In developing your own business-development plan, it is helpful to keep in mind four guidelines: (1) be yourself, (2) work your plan, (3) persist but be nimble, and (4) be patient.

First, be yourself. Making rain is about developing relationships of trust and value. The best way to do that is to be authentic and genuinely interested in others. You do not have to golf or go to sports events if you do not enjoy them. I have a passion for supporting other women and organize annual lunches for women lawyers, which blossom into referral networks.

Second, have a plan. Business development does not just happen. You need to determine the kinds of clients with whom you want to work and which clients have a need for your practice, and then develop relationships with them. It takes seven to nine meaningful touches—touches that are meaningful and helpful to the potential client, not you—to develop a new client.

Third, be persistent but nimble.
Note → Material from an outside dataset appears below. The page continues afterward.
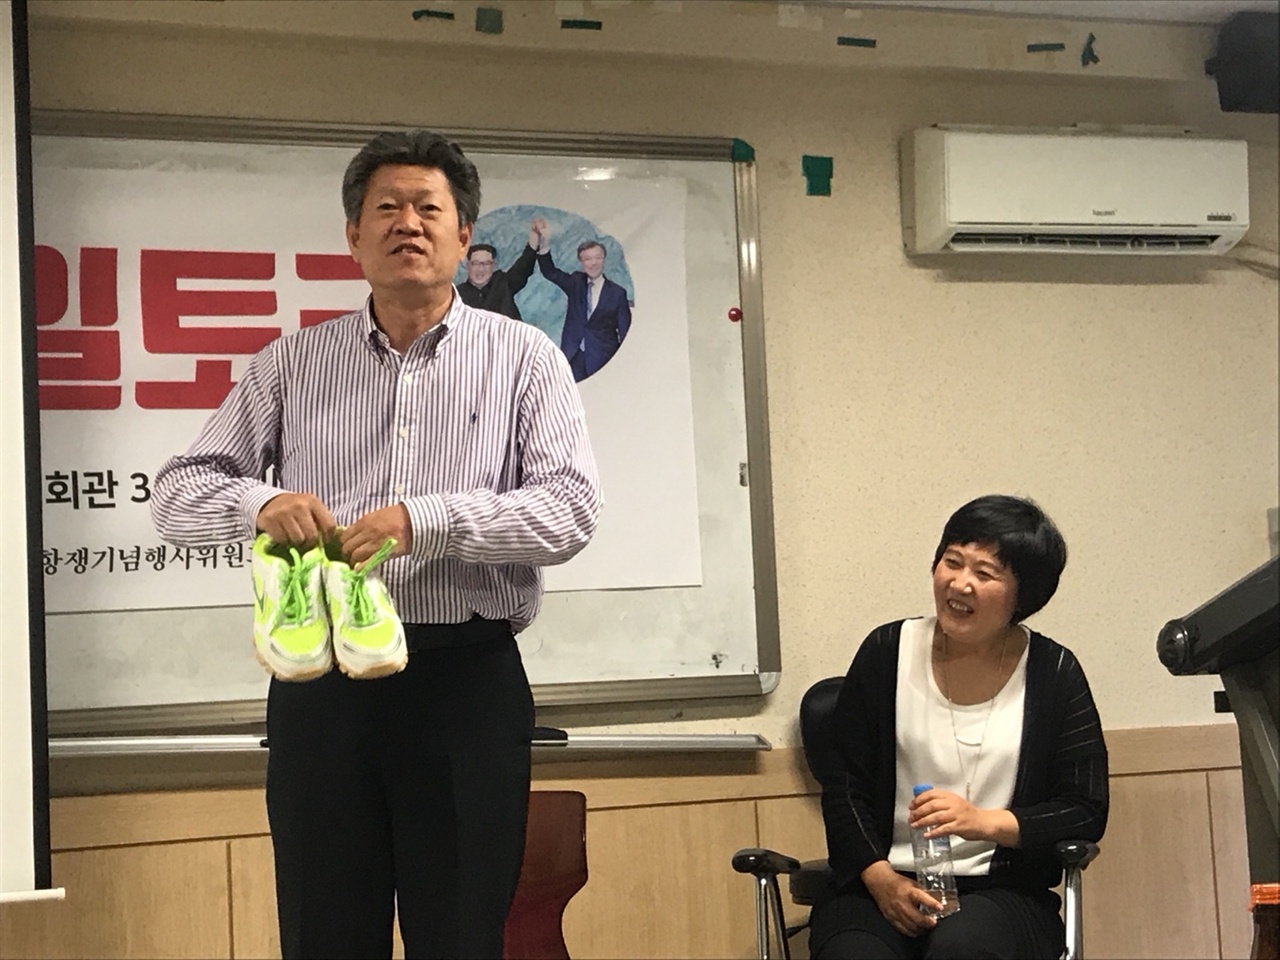 북한에서 가져온 신발을 소개하고 있다. 1만 원도 되지 않지만 신발 품질이 놀랍다고 한다. 신발의 상표에는 'Made In DPRK(Democratic People's Republic of Korea)'라고 적혀있다.

While persistence is important, you also need to know when to switch tactics or even reassess your dream-client base. I reassess my plan each month, based on the input that I receive from potential clients. For example, if a potential client already has appellate counsel with whom she is happy or if she has little need for an appellate lawyer right now, that is valuable information (however disappointing it might be) that helps you prioritize your contacts with her. But you can only discover that kind of information by talking with and listening to folks. The point of each contact should be furthering the relationship, not landing a particular case. The cases will come if you develop relationships and have the skills to deliver results for your clients.

Finally, be patient. Past good work, contacts, and business-development activities take time to develop into paying business. You may have a good reputation among lawyers who would be willing to send you business, but the right referral may not come to those lawyers for some time. Developing your practice requires a long-term investment.

Mary-Christine (M.C.) Sungaila is a partner at Haynes and Boone, LLP in Orange County, California.